Patient 2 was a 56-year-old woman who presented with a 27-year history of vitiligo and a 1-year rapid progression. She also had a personal history of asthma and chronic rhinitis. The hypopigmented patches started on the trunk and then spread and enlarged slowly to facial area and extremities with the application of oral Chinese herbs, topical tacrolimus, NB-UVB and caloripuncture treatment. The lesions rapidly progressed due to insomnia and anxiety over the past 1 year. She had no family history of vitiligo. Physical examination showed multiple, hypopigmented-to-depigmented patches of skin on the facial area, trunk, and extremities (about 60% BSA, basic surface area) (Figure 2a–c). Wood’s lamp examination accentuated these patches. Routine hematological and biochemical tests, virus serology, and T-spot test were normal. For the rapid progression of the vitiligo, she was given diprospan injection every 4 weeks, oral ginkgo biloba 80mg twice daily together with topical 0.1% tacrolimus ointment, mometasone furoate cream, and full-body NB-UVB phototherapy with an initial dose of 200 mJ/cm² followed by 20% increments at each subsequent treatment. After three months, the patient’s condition became stabilized. Subsequently, the systemic corticosteroids were substituted for oral baricitinib 2mg twice daily and the rest of the treatments were continued. Over 75% repigmentation of the lesions was observed after 6 months (Figure 2d–f). In addition, the drug was well-tolerated with no adverse effects in both patients.

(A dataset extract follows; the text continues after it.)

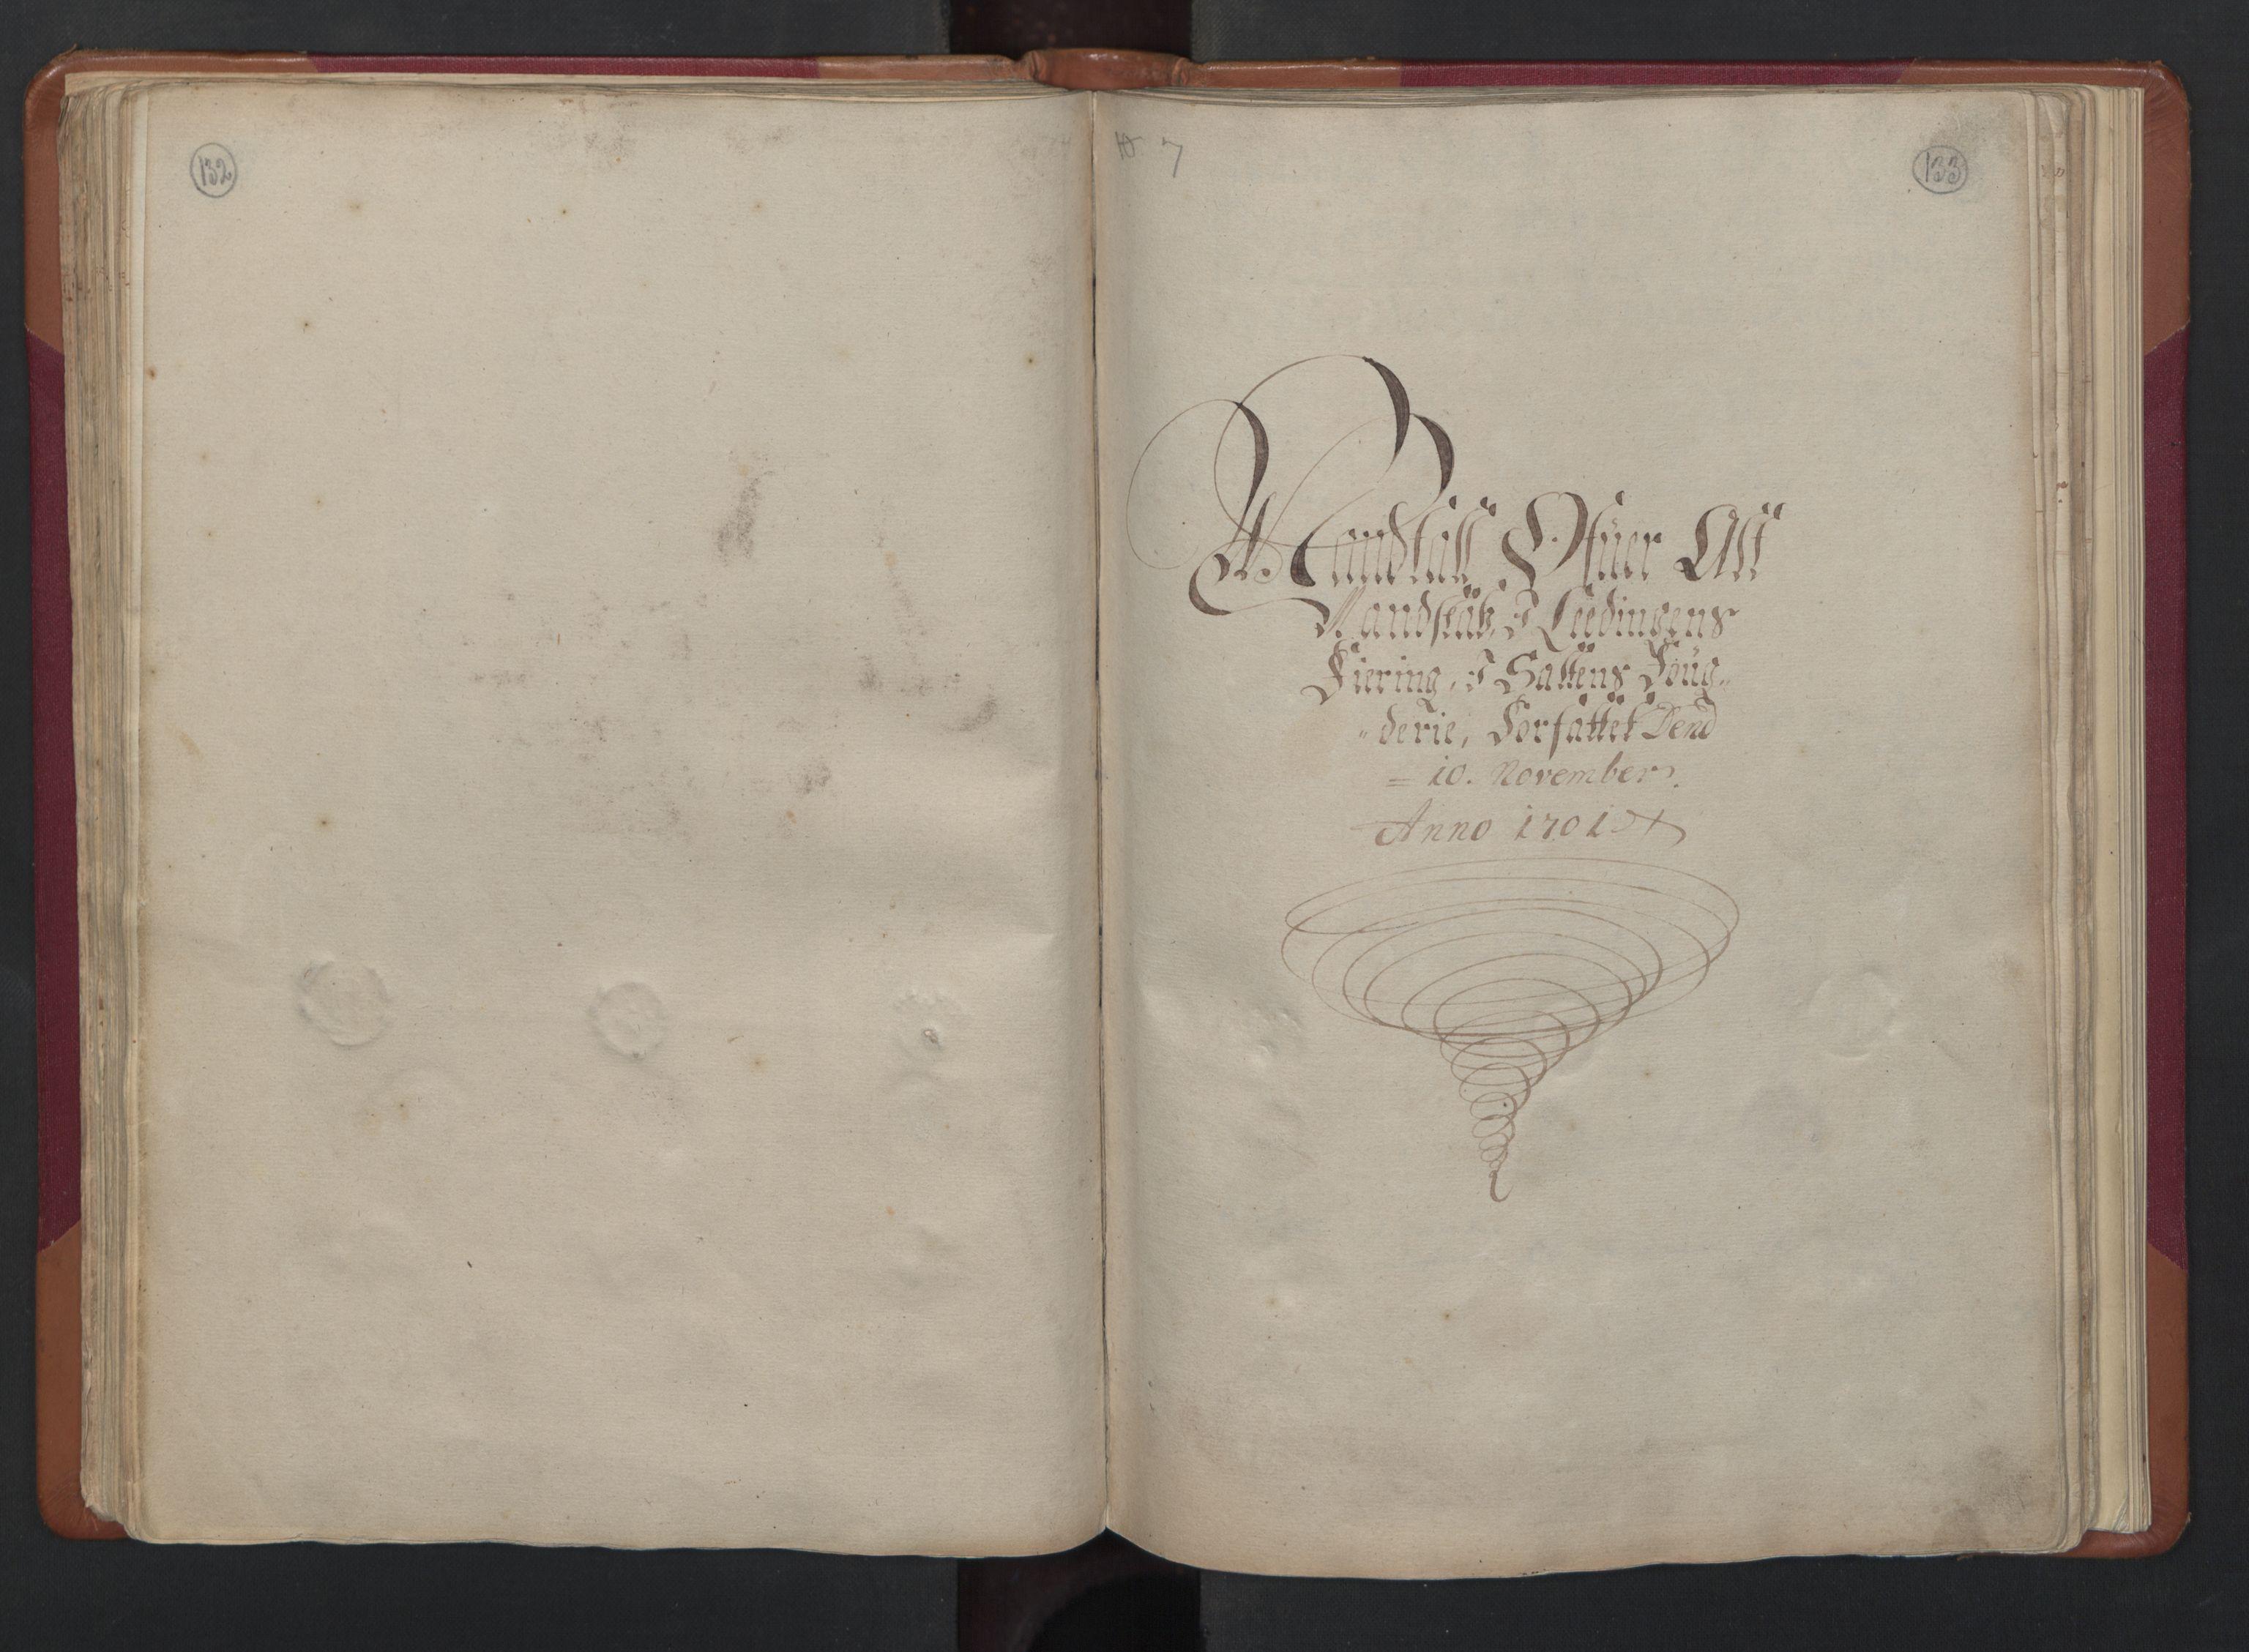 RA, Manntallet 1701, nr. 17: Salten fogderi, 1701, s. 132-133

Figure 1 Clinical photographs of patient 1 before and after baricitinib treatment. Multiple, depigmented patches on the trunk. (a–c) Significant repigmentation on the trunk after twice-daily oral baricitinib application for 8 months. (d–f).

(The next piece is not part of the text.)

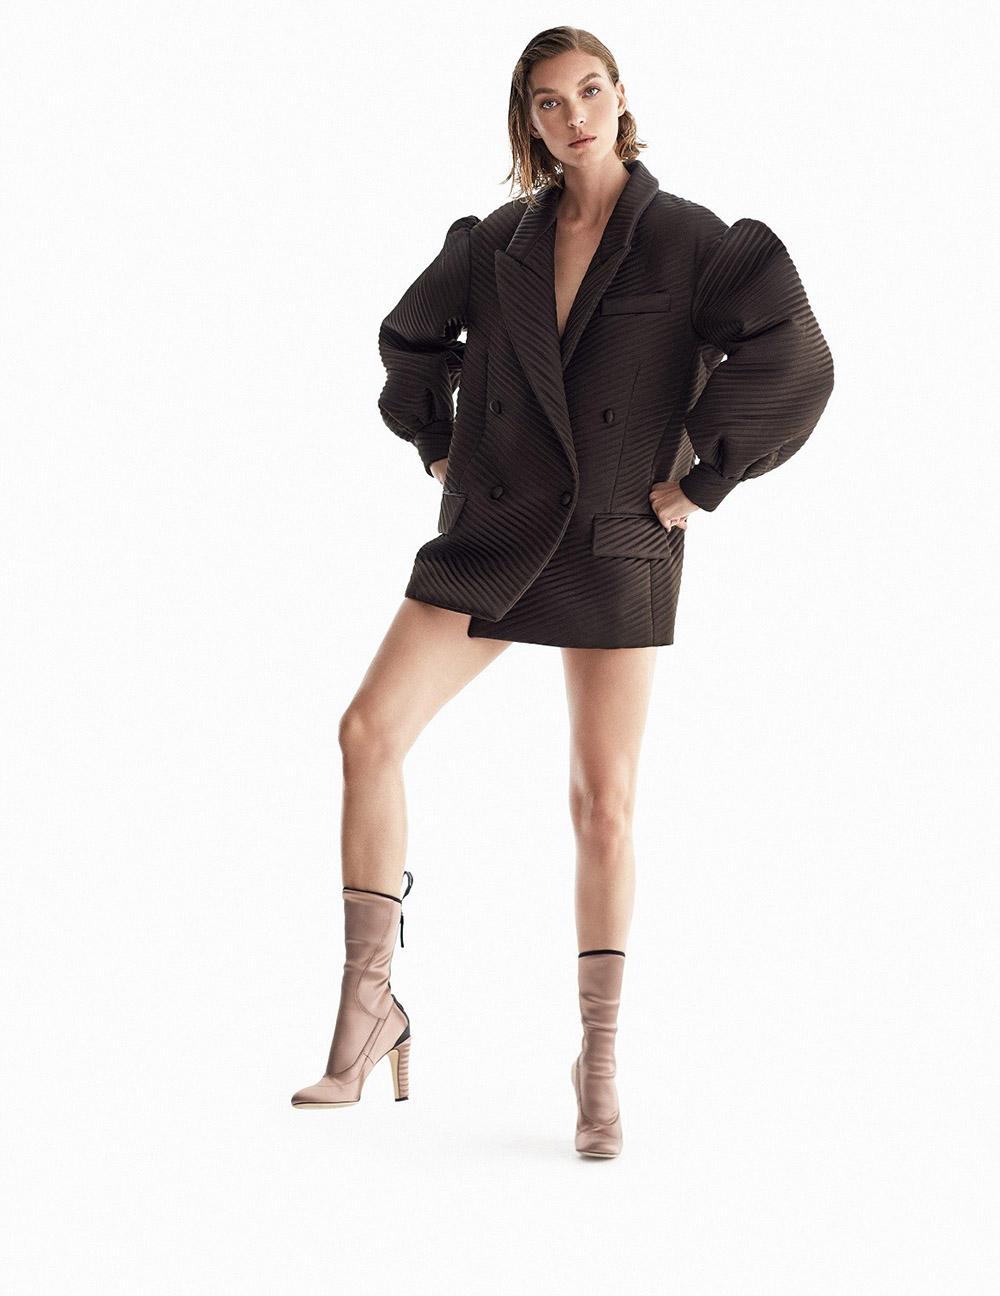 Arizona Muse covers Harper's Bazaar Spain September 2020 by Xavi Gordo

Figure 2 Clinical photographs of patient 2 before and after baricitinib treatment. Multiple, hypopigmented-to-depigmented patches on the trunk and extremities. (a–c) Significant repigmentation on the trunk and extremities after twice-daily oral baricitinib application for 6 months. (d–f).

Discussion

Vitiligo is an acquired autoimmune skin disorder, clinically characterized by depigmented macules and patches resulting from progressive loss of epidermal melanocytes.¹ Vitiligo has significant psychosocial impacts on patients and is challenging to manage.³ Repigmentation rates and efficacy of current treatment options have been variable. Recent studies have revealed that IFN-γ and the related chemokine (C-X-C motif) ligand (CXCL) 9 and 10 appear as key drivers of vitiligo pathogenesis and are mediated by JAK/signal transducer and activator of transcription (STAT) pathway in local keratinocytes.^4,5 The JAK family comprises JAK1, JAK2, JAK3, and tyrosine kinase 2 (TYK2).⁵ Jak inhibitors can block this pathway, thereby blocking the effects of IFN-γ and the downstream chemokines.

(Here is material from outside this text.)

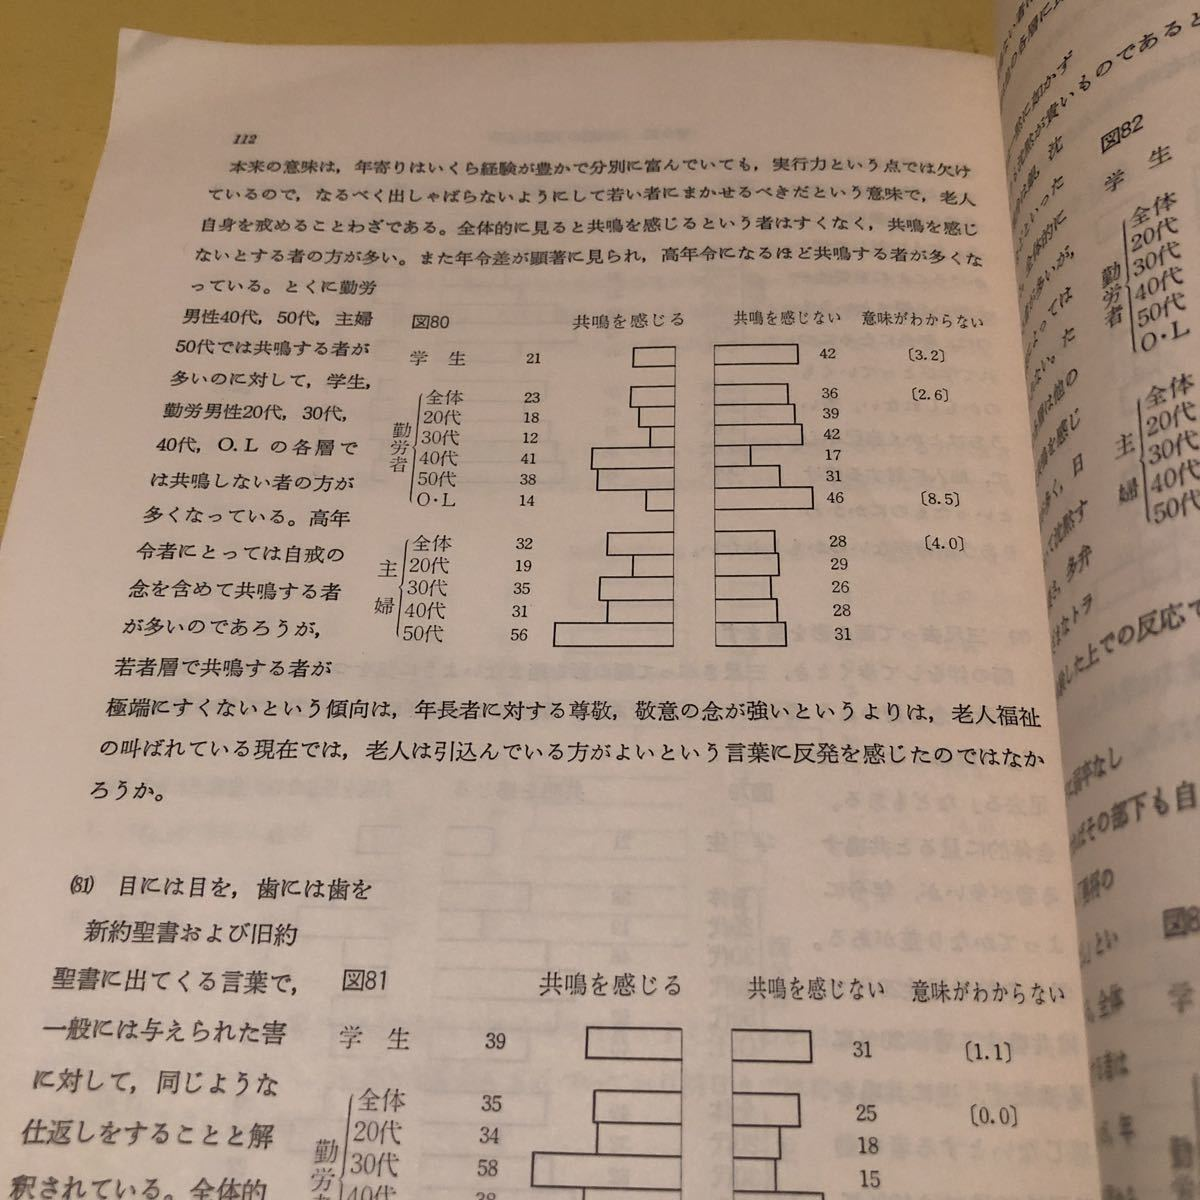 2001☆か20☆ 日本人の価値観の構造と変容 調査と資料 第20号 生活価値観研究班 関西大学経済政治研究所 昭和51年発行_画像6

There have been an increasing number of studies suggesting promising results for tofacitinib (JAK1/3 inhibitor) and ruxolitinib (JAK1/2 inhibitor) in vitiligo treatment. Baricitinib, a newer JAK1/2 inhibitor, has recently been approved for the treatment of rheumatoid arthritis. Mumford et al⁶ first reported a case of vitiligo repigmentation after taking oral baricitinib for 8 months in 2020. The patient acquired poor improvement using tofacitinib 5mg twice daily for 5 months. Then she switched to baricitinib 4mg daily and got almost complete repigmentation after 8 months. In a retrospective study, Liu et al⁷ reported that skin exposure to ultraviolet light appears to be required to achieve repigmentation using JAK inhibitors as evidenced by increased JAK1 levels in vitiligo patients that were downregulated after NBUVB treatment.⁸ Recently, Dong et al¹⁰ found that in vitro baricitinib could promote tyrosinase activity, melanin content and tyrosinase, tyrosinase-related protein-1 gene expression of melanocytes damaged model, which will be contributed to repigmentation of vitiligo.

Conclusion

In the present cases, combination treatment with oral baricitinib and NB-UVB phototherapy showed satisfactory repigmentation and good tolerance. These patients will continue to be followed up and randomized control trials (RCTs) in large populations are still needed to verify the efficacy and safety of JAK inhibitors in vitiligo treatment.